If we define truth as something real, and something that we determine based on evidence and correspondence with reality, then you absolutely need some shared epistemological standards for what constitutes evidence and correspondence. I'm not sure if you need peer review for everything, but building expertise in those epistemological standards and approaches _is_ a requirement for well functioning marketplace of ideas, especially if our goal is to develop and understand the truth.

This is distinct from free speech -- I wouldn't want to impose restrictions on one's ability to speak, but that's not the same as saying all speech is equally valid in the pursuit of truth.



> If we define truth as "Whatever a majority happens to agree with" and the marketplace of ideas as a contest to create truth by building a majority consensus, then you're correct.

This is semantic posturing, as, at the end of the day, any "truth" will always require some degree of consensus. Even in the hardest of sciences, we must agree to some (definitionally unprovable) axioms by consensus. Logical positivism died many years ago (though I do know modern-day "rationalists" are attempting to reanimate its corpse).


This is basically what I'm saying -- you need consensus on the standards of evidence and the procedures for accepting evidence. Not just "argue whatever with no standards and see what sticks". The axioms are not chosen just on pure consensus without their own epistemological standards and evaluations.

It's fair to critique arguments or debate formats that do not establish those standards, or which throw out agreed upon standards with no basis, as not really participating in a marketplace of ideas.


> The axioms are not chosen just on pure consensus without their own epistemological standards and evaluations.

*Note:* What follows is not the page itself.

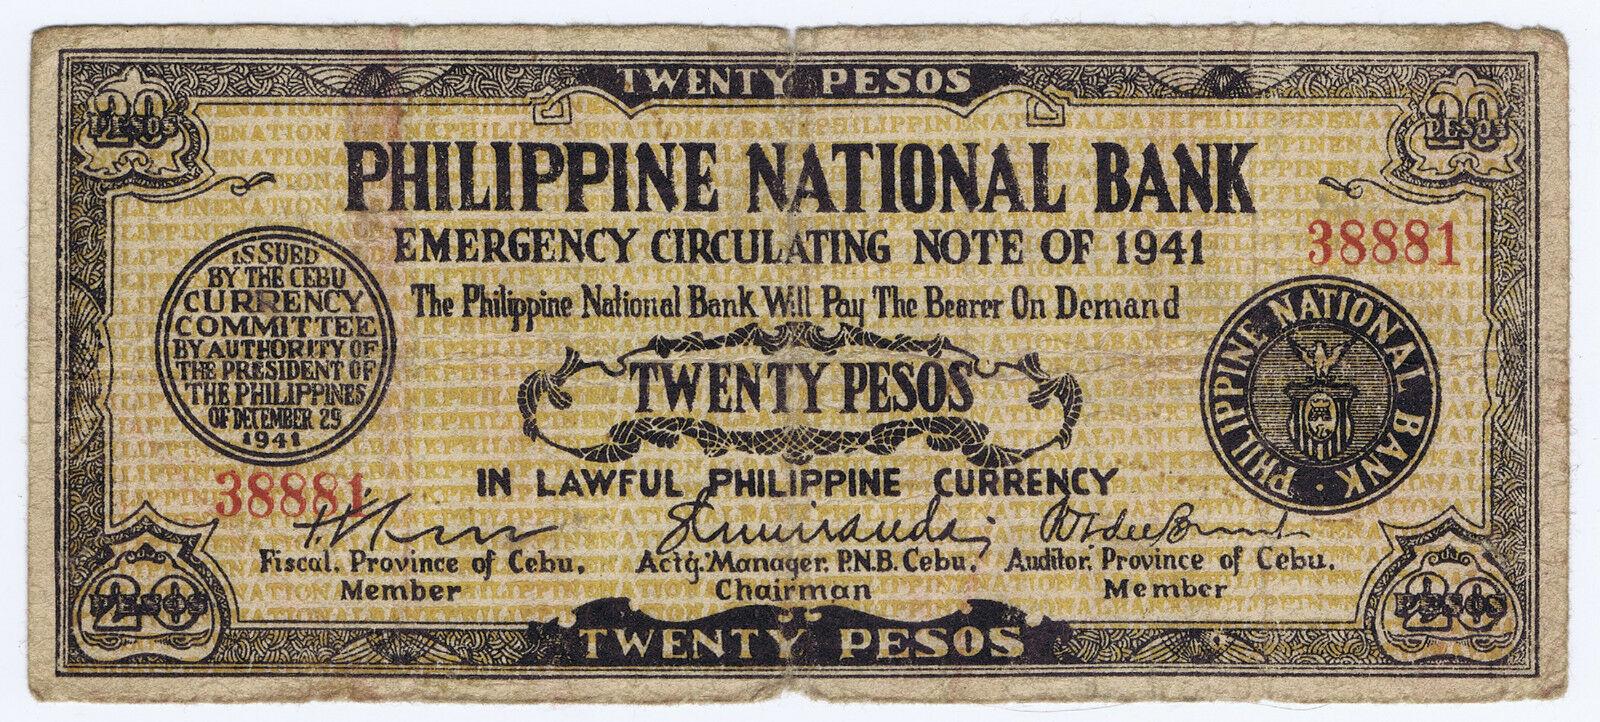 WHOLESALE 100 PHILIPPINES 20 PESOS CEBU GUERILLA of WWII PICK # S 218 NICE CIRC

I have a hard time seeing if this is true or not. The Axiom of Choice, for example, has reached consensus because of its usefulness, not necessarily because of any epistemological standards. I guess "doing more math" is a bit of an epistemological standard, but AC also leads to all kinds of weird stuff (Tarski's paradox, etc.), so I'm not sure if that's a pro or a con. To me, AC seems more ad hoc than not.

But the more salient point here is that you can have people that vehemently disagree with AC (and a minority of mathmaticians do). Now, I'm not arguing that Charlie Kirk is some intellectual giant here, nor was he even a conservative thought leader (like Scalia was, for example). But, and admittedly this is a pretty soft argument, I'd rather err on letting him do his thing rather than stifling his speech by arguing that he's somehow orthogonal to the marketplace of ideas. I think J.S. Mill would agree. To me, even the homeless weirdo yelling "THE END IS NIGH" at the street corner seems to be a part of that marketplace.

Do I believe that C. S. Lewis has more interesting things to say about Christian doctrine than Charlie Kirk; or that Alvin Plantinga makes better arguments than Ben Shapiro? I do, but that doesn't make Kirk's or Shapiro's speech less "speech-y."


> The Axiom of Choice, for example, has reached consensus because of its usefulness, not necessarily because of any epistemological standards.

Usefulness in proofs _is_ an epistemological standard. Axioms are evaluated based on how they impact mathematical proofs and their compatibility with other axioms, and mathematical disagreements with the Axiom of Choice also follow similar epistemological standards and procedures. We take Banach-Tarski seriously because it meets the standards.

If you wanted to make an argument that "The Axiom of Choice is nonsense" and be taken seriously, you would be expected to show how it is incompatible with other axioms, or how it generates a paradox. You wouldn't be arrested or silenced if you went around denouncing the axiom of choice without following these standards, but you would (rightfully) not be taken seriously.

Similarly, the article isn't saying CK should have been silenced or had his speech stifled, but it is objecting to the notion that what he did was real debate or real intellectual discourse. I don't think that argument equates to stifling speech.